If another company or an individual has violated your intellectual property (IP) rights, you may not need to go directly to a legal action. In fact, you may be able to avoid going to court at all. A good initial step is sending what’s called a “cease and desist” letter.
This is a letter, typically signed by attorney, informing another party that their actions are illegal and/or harmful and telling them to stop. It doesn’t carry any legal weight itself — unlike a cease and desist order, which needs to be obtained from a court or government entity. However, it puts the other party on notice, just in case they weren’t already aware, that the name, image or words they’re using are protected and require your permission to use them.
Further, it tells them that if they don’t “cease and desist” from using your IP, you will take legal action. In it, the other party is directed to respond by a specified date. If you need to go to court, it’s your evidence that you made the other party aware of the issue.
Do cease and desist letters work?
Often, they do. As noted, someone may not be aware of the law or of the fact that something they’re using is copyrighted or trademarked. They may have known but thought they could get away with it.
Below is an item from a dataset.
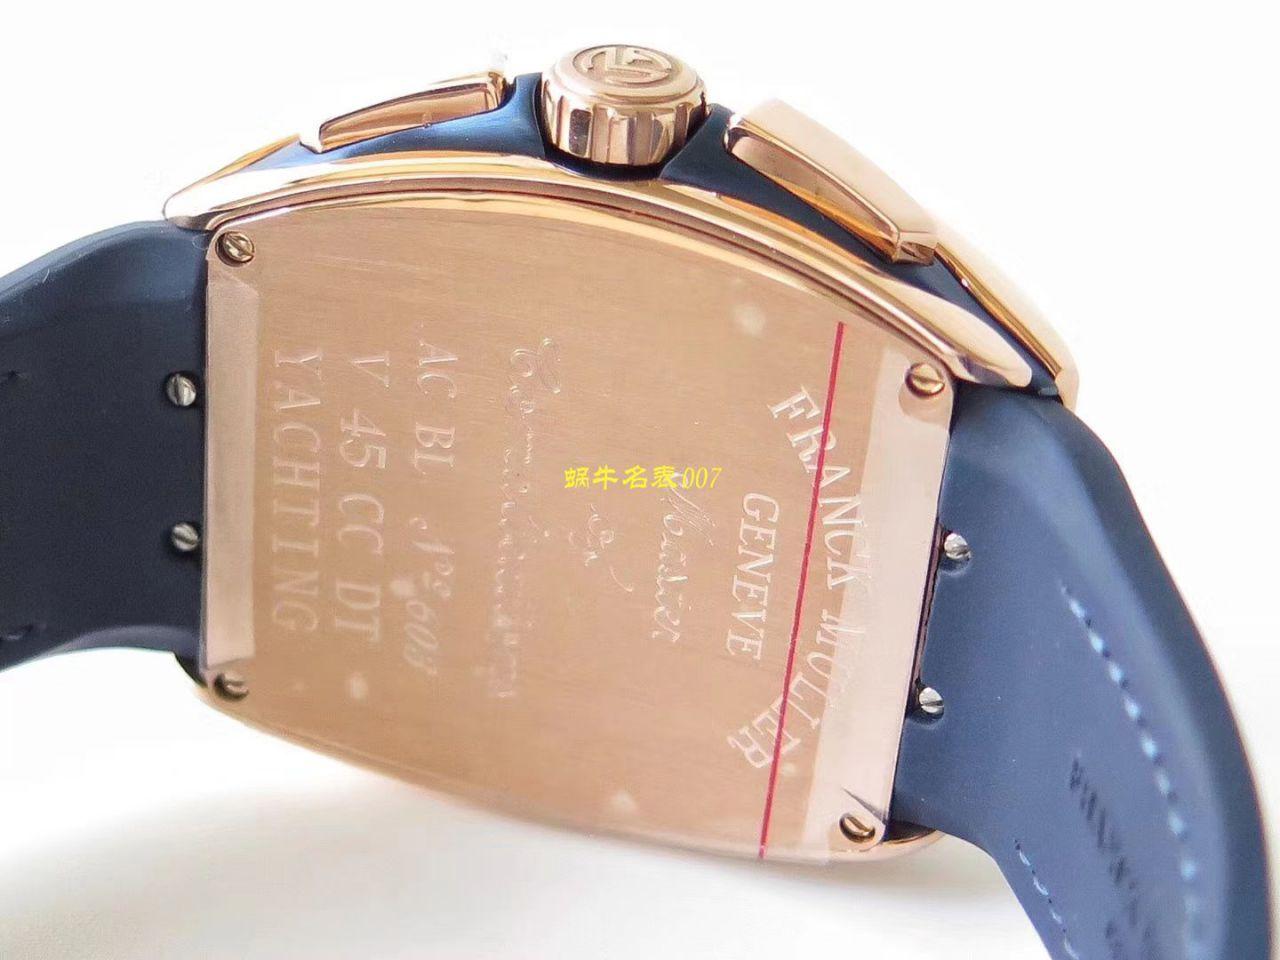 【台湾厂Franck Muller复刻手表】法兰克穆勒MEN'S COLLECTION系列V 45 CC DT YACHT腕表

A cease and desist letter can be enough in many cases to get someone to stop using your material. They likely don’t want to risk going to court and losing and possibly being publicly embarrassed.
While anyone can write a cease and desist letter, it carries far more weight if it comes from an attorney. Having legal guidance also helps ensure that the letter is worded, sent and followed up on in a way that is most likely to get results while still complying with the law.
If the letter doesn’t have the intended outcome and the other party continues to violate your IP rights or argues that they aren’t, you’ll benefit from having had legal guidance from the very beginning.